# Shhhh.... Don't Tell OK?



## hewunch (May 26, 2012)

Ok, so my cousin's wife just graduated with her PharmD. So I wanted to make her a special pen. This is it. It is a take off of Serax 15 (google it to see if you think I got close). The white is Corian from Jonathon and the Red is Acetate from WnW. The grip is ebonite and it is a roller writer (from Indy Pen Dance). I have not done the coats of CA over the decals yet, but I was stoked so I wanted to show it off. So here goes. Comments welcome.

Here is a 360 rotational view 








Here is the pen apart



Here is the pen open



Here is the pen posted


----------



## anthonyd (May 26, 2012)

Very creative!

Tony


----------



## hewunch (May 26, 2012)

anthonyd said:


> Very creative!
> 
> Tony



Thanks, I borrowed the dimensions from Jonathon's mini fountain.


----------



## keithkarl2007 (May 26, 2012)

Thats pretty cool. I have never attempted kitless or closed end pens. I have roughly sketched one I'd love to do resembling a lipstick, African Blackwood and any other complimenting wood, pink ivory, bloodwood......


----------



## hewunch (May 26, 2012)

keithkarl2007 said:


> Thats pretty cool. I have never attempted kitless or closed end pens. I have roughly sketched one I'd love to do resembling a lipstick, African Blackwood and any other complimenting wood, pink ivory, bloodwood......



Well, what are you waiting on? Give it a go!  I think your idea would be pretty cool. If you don't do it soon, I may have to try it for you :biggrin:


----------



## keithkarl2007 (May 26, 2012)

hewunch said:


> keithkarl2007 said:
> 
> 
> > Thats pretty cool. I have never attempted kitless or closed end pens. I have roughly sketched one I'd love to do resembling a lipstick, African Blackwood and any other complimenting wood, pink ivory, bloodwood......
> ...


 
Do. I'm still learning and haven't been turning much with my back and other health problems. I keep checking in from time to time to see how everbody is getting on and leaving feedback.


----------



## fiferb (May 26, 2012)

Looking great, Hans!

Thanks for stopping by today. That was fun.


----------



## its_virgil (May 26, 2012)

Hans,
A very creative concept and excellent execution along with a very thoughtful gift. These "non-traditional" pens that identify one's hobby or profession are well received and much appreciated. I'm sure the new pharmacist.will use this pen with pride and appreciation. Well done, as usual.
Do a good turn daily!!
Don


----------



## danrs (May 26, 2012)

Great idea.  Good job.  I know she will be tickled plumb red and white.


----------



## hewunch (May 26, 2012)

fiferb said:


> Looking great, Hans!
> 
> Thanks for stopping by today.

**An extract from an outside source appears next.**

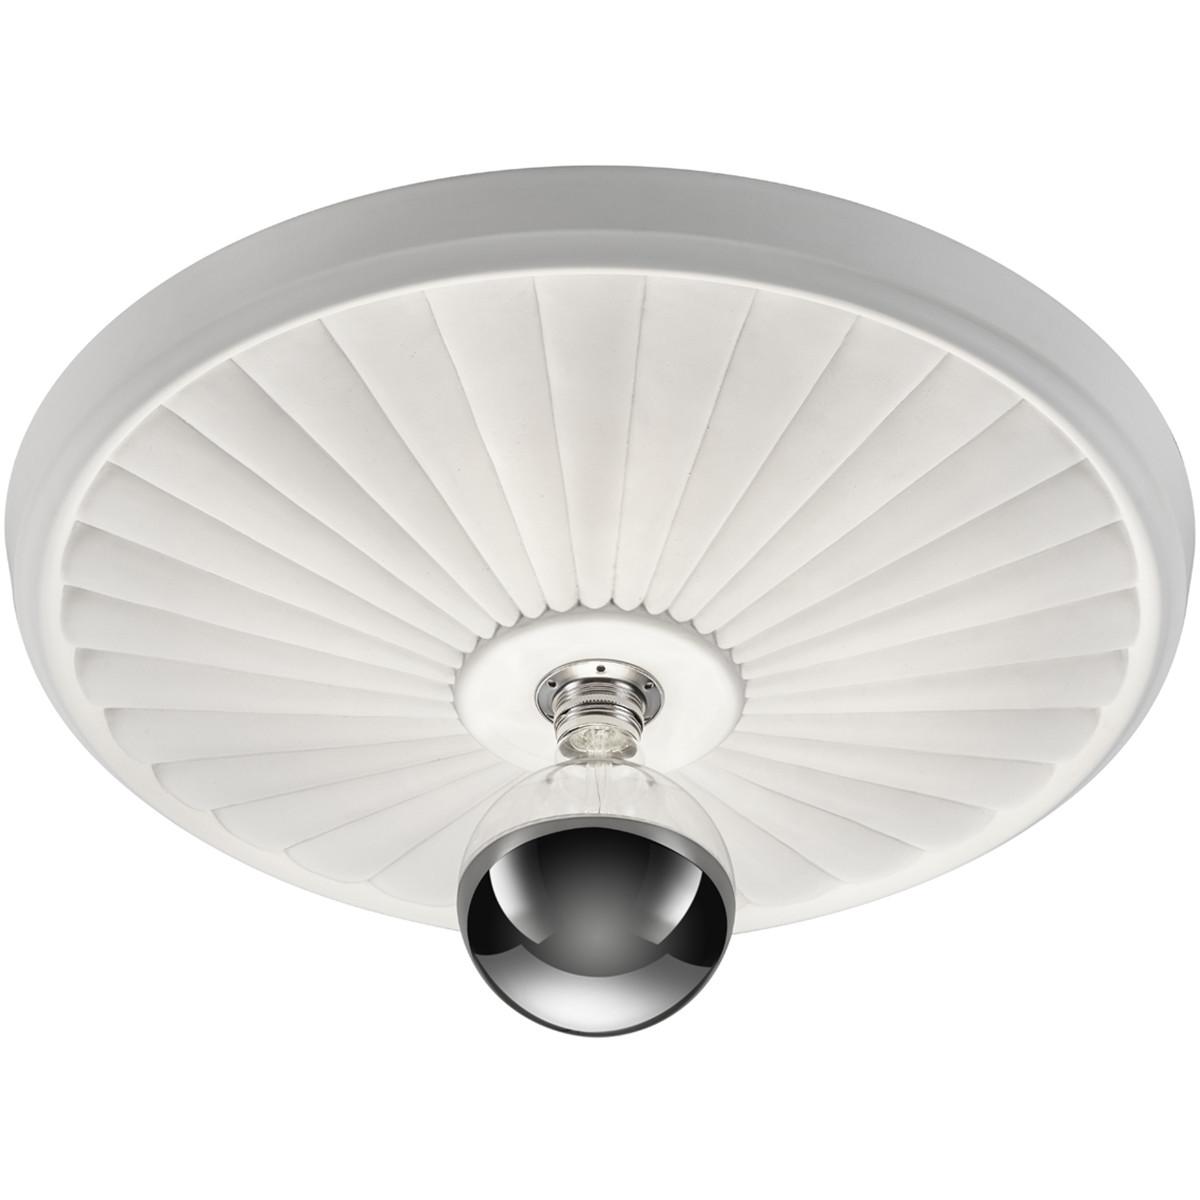 LED Plafondlamp - Plafondverlichting - Trion Corina XL - E27 Fitting - 1-lichts - Rond - Mat Wit - G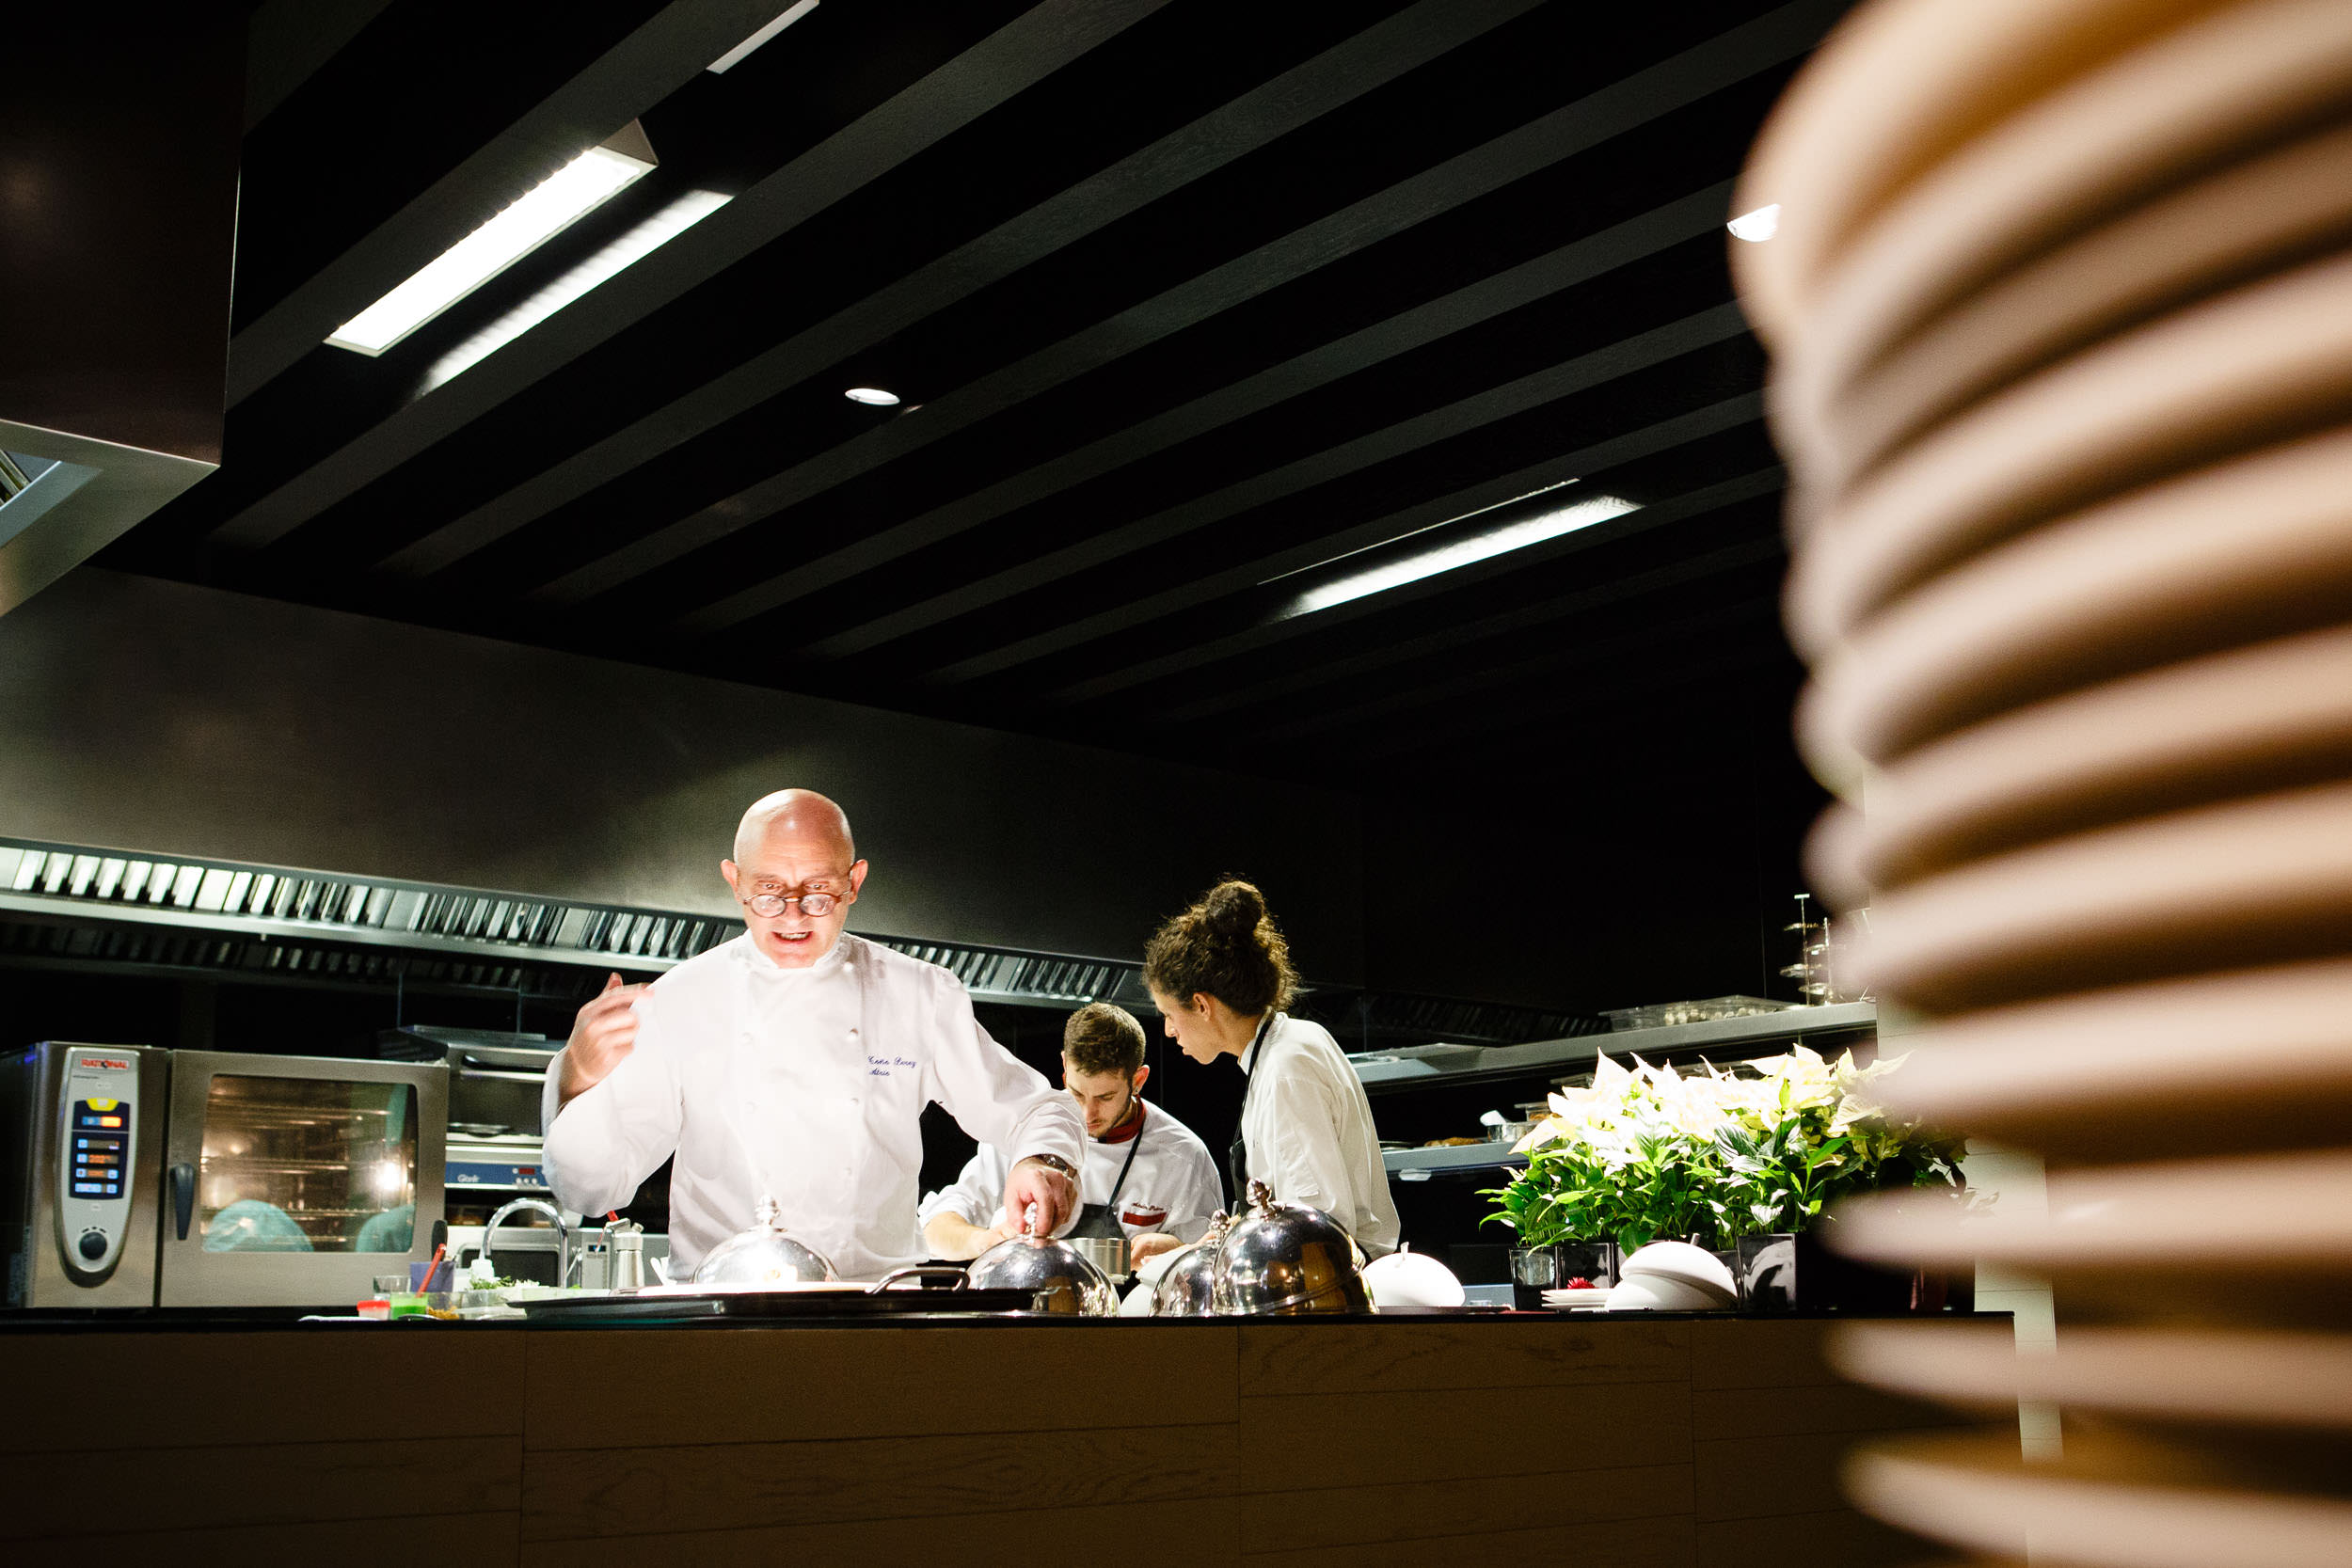 1/1/14 Two Michelin-star chef Toño Pérez at work in Restaurante Atrio, Cáceres, Extremadura, Spain. Photo by James Sturcke Fotografía | www.sturcke.org

That was fun.



We enjoyed it too. Hope we can do the movie Tuesday. 



its_virgil said:


> Hans,
> A very creative concept and excellent execution along with a very thoughtful gift. These "non-traditional" pens that identify one's hobby or profession are well received and much appreciated. I'm sure the new pharmacist.will use this pen with pride and appreciation. Well done, as usual.
> Do a good turn daily!!
> Don



Thanks Don! I wanted to use one of the "happy pills" :biggrin:



danrs said:


> Great idea.  Good job.  I know she will be tickled plumb red and white.



I hope so. And thanks so much for the kind words.


----------



## Tom D (May 26, 2012)

Great job as usual Beautiful pen


----------



## BRobbins629 (May 26, 2012)

Love it!!!


----------



## sumterdad (May 26, 2012)

fiferb said:


> Looking great, Hans!
> 
> Thanks for stopping by today. That was fun.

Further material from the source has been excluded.